Anthropic and DeepSeek exemplify this. Anthropic’s Constitutional AI, alignment research, and training methodology represents a Layer 4-5 strategy — the BullshitBench results suggest it’s working. DeepSeek’s cross-stack innovation under hardware constraints is the most complete expression of multi-layer optimization the field has seen. Neither is outspending OpenAI. Both are out-innovating in ways that compound — architectural breakthroughs reduce the cost of the next training run, which frees resources for the next architectural breakthrough, while OpenAI’s infrastructure commitments lock in the cost of each successive run.
Enterprise market share has declined from ~50% (2023) to ~27% (2026).

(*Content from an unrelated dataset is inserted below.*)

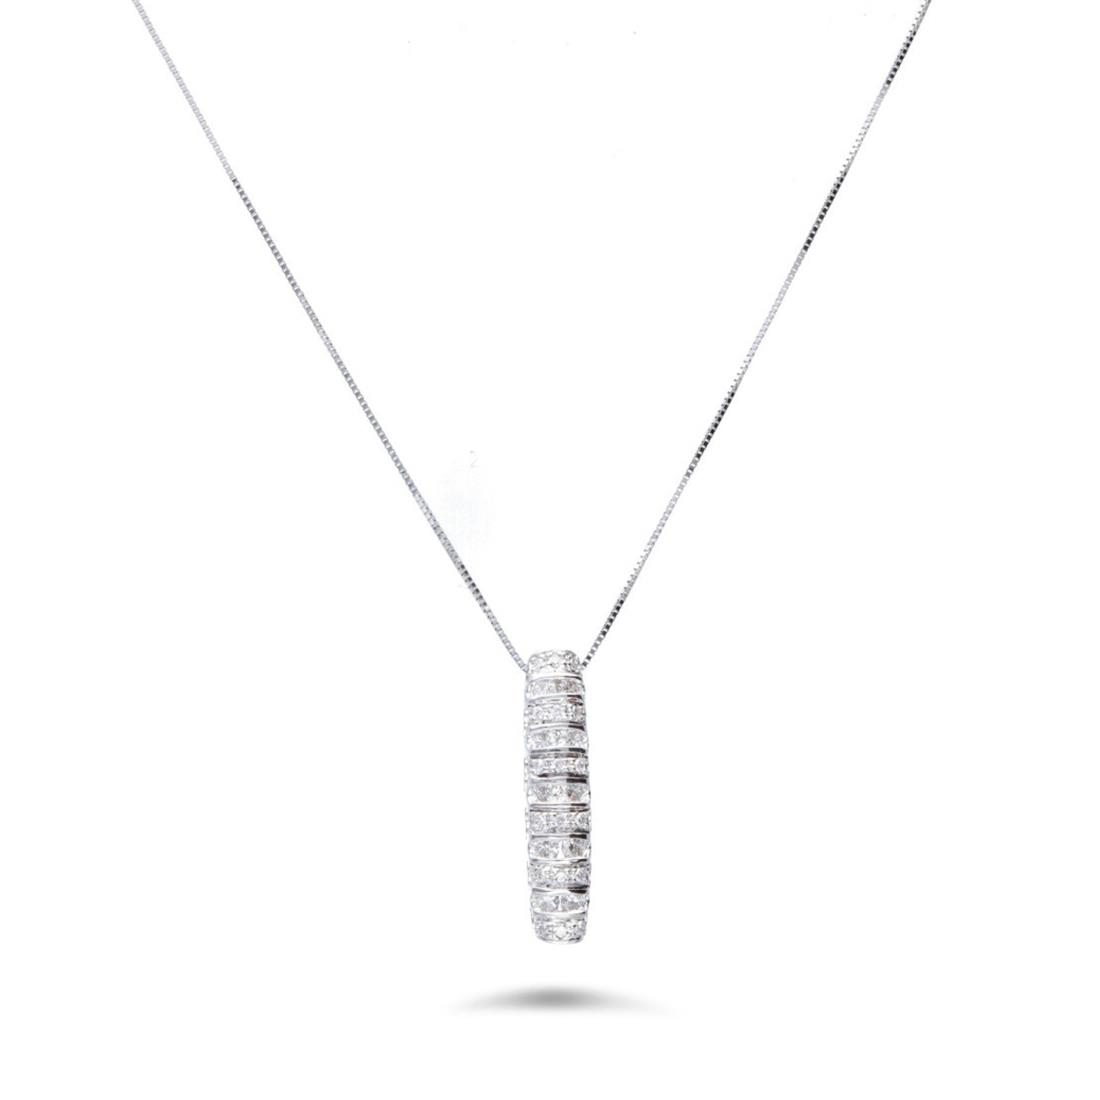 Necklace with pendant with diamonds - BLISS

The reasoning “pivot” is table stakes — every major lab has reasoning models — and the BullshitBench scores suggest that additional inference compute may be making OpenAI’s reliability problem worse, not better. The early brand advantage has eroded. The technology lead has narrowed or reversed on key metrics. What remains is a cost structure that requires 143 billion USD in negative cash flow, legal exposure that may exceed the valuation, and an IPO where the current funding dynamic meets real price discovery.
OpenAI built an organization around expensive capability delivery. The cost of capability is dropping. And model quality — the one thing that could justify everything else — has become secondary to the organizational demands of sustaining the company at its current scale.